● DATASET CONTENT
========================================================================
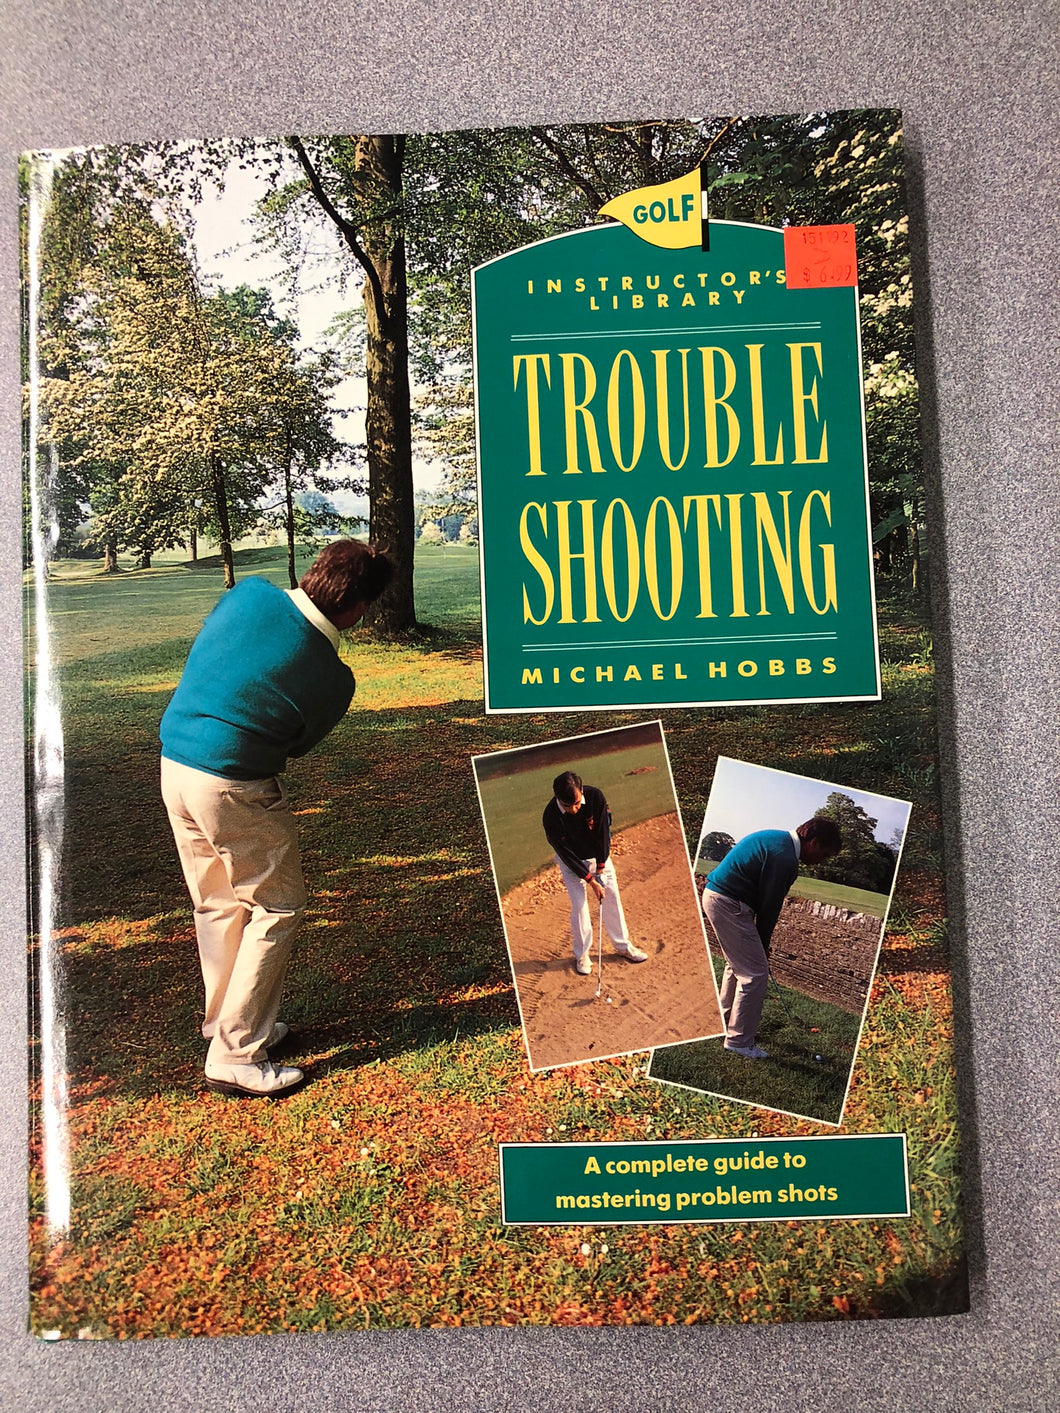 Golf Instructor's Library: Trouble Shooting: a Complete Guide to Mastering Problem Shots, Hobbs, Michael [1991] OU 7/22
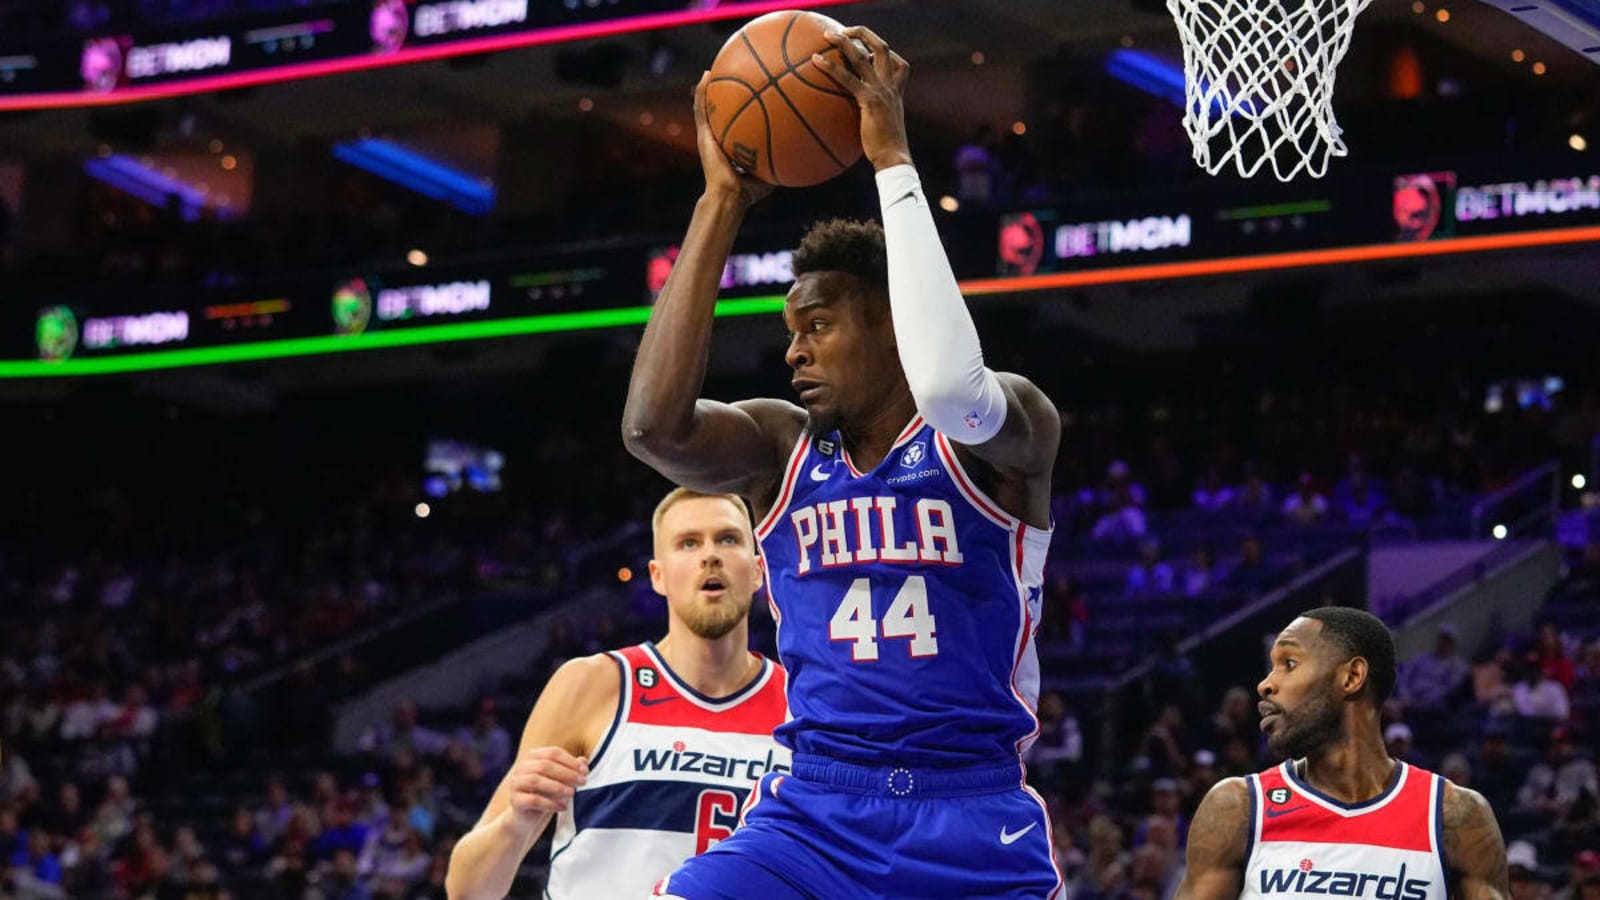 Sixers’ Paul Reed Pulls Up, Gets Some Buckets In Philly Pro-AM
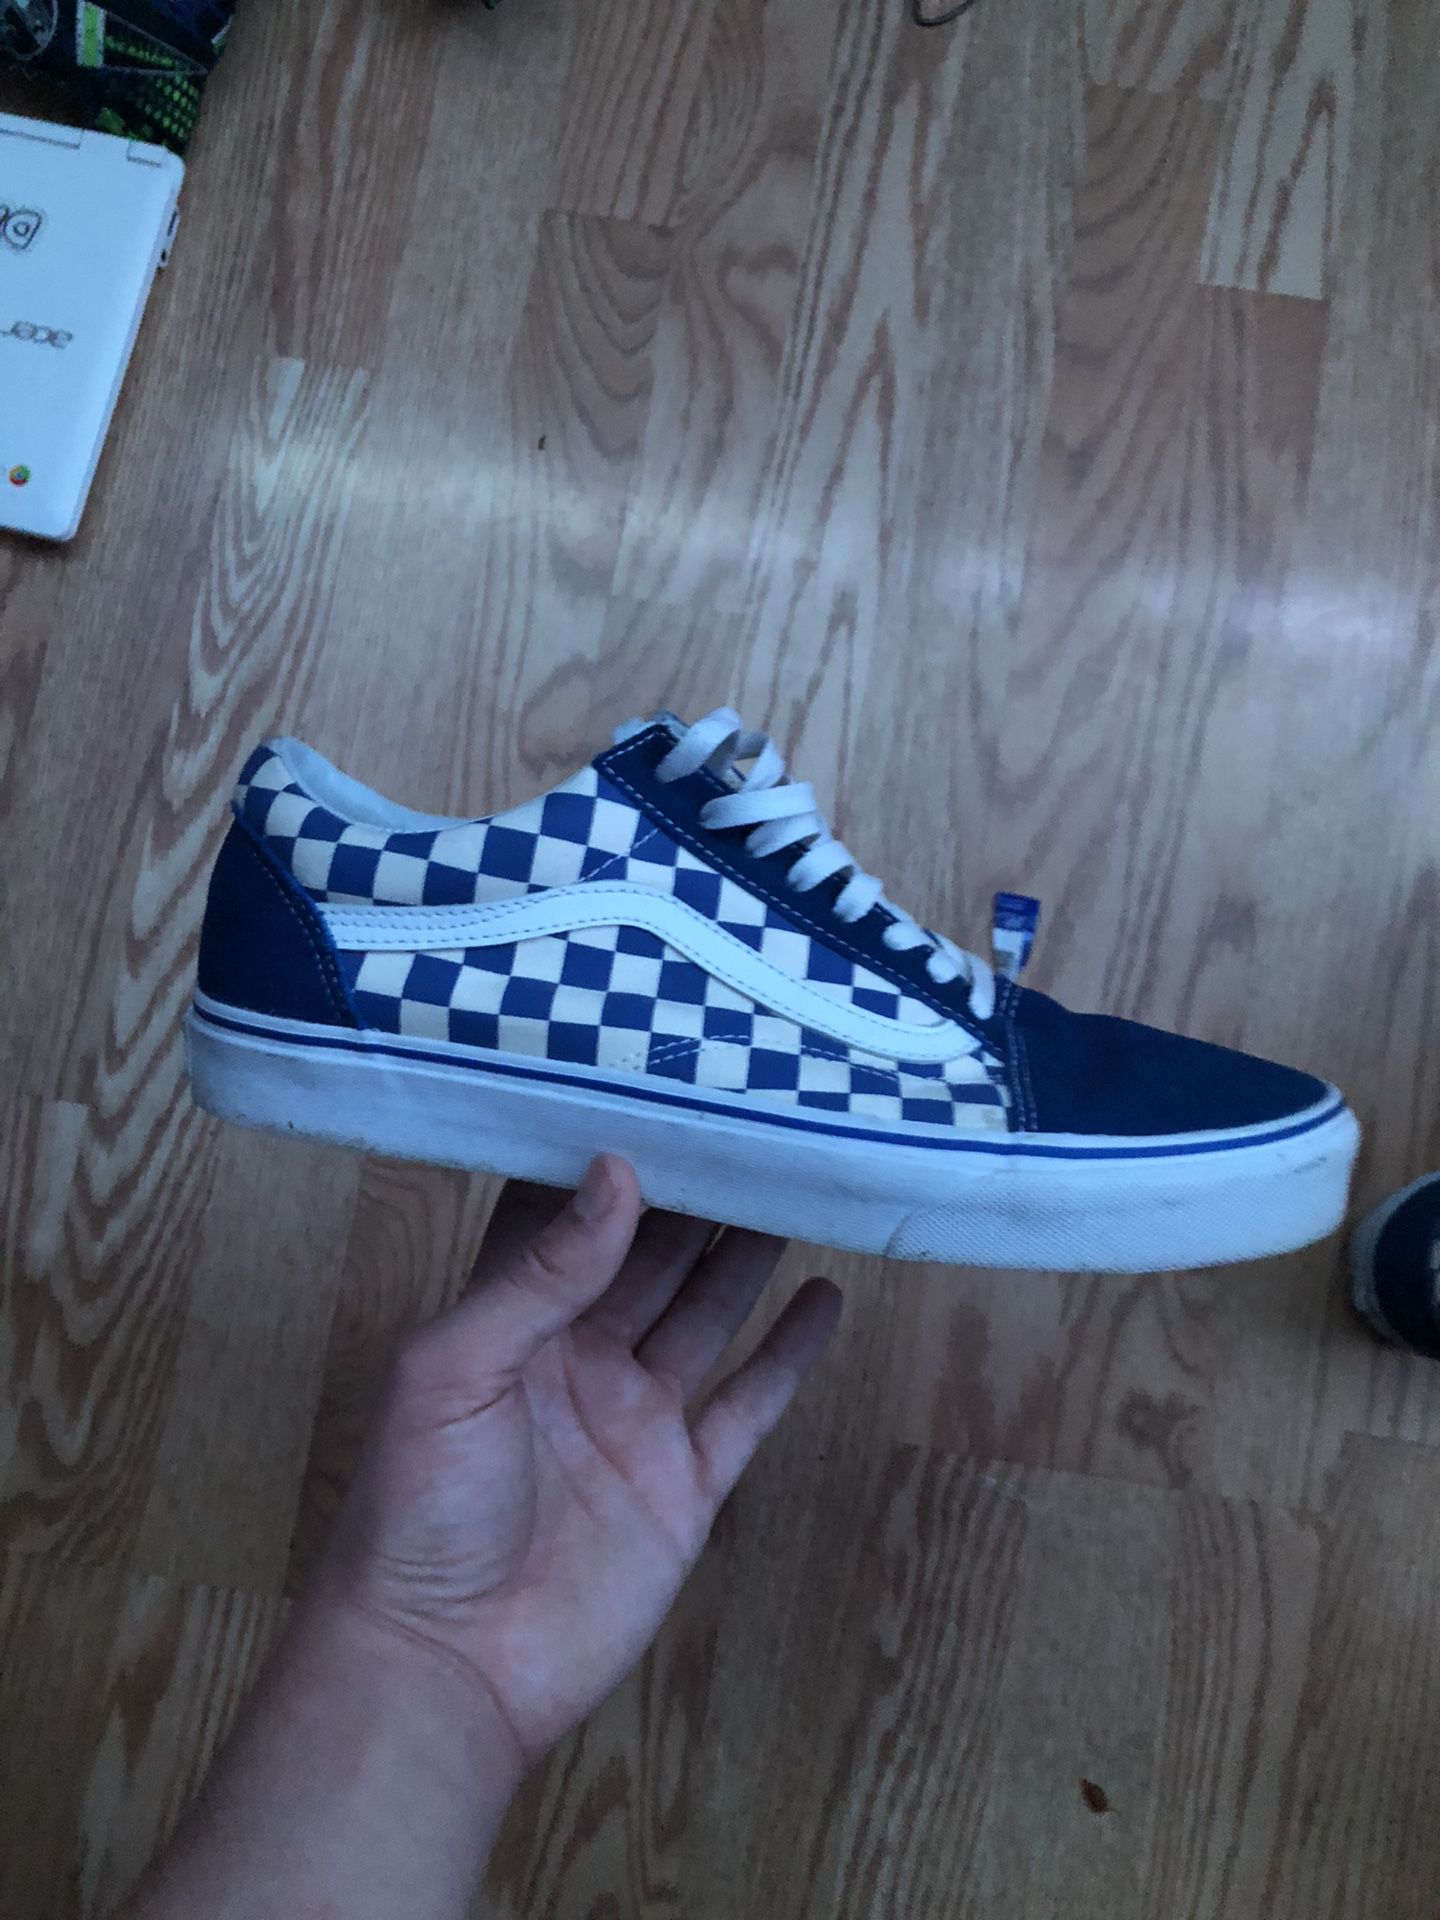 Men’s Limited addition blue and white Checkered vans size 11
========================================================================
Copy the line showing "Sixers’ Paul Reed" exactly, along with each line after it through the end of the material above. Pictures stay out.

● RESPONSE TO THIS EXERCISE
 Sixers’ Paul Reed Pulls Up, Gets Some Buckets In Philly Pro-AM
 Men’s Limited addition blue and white Checkered vans size 11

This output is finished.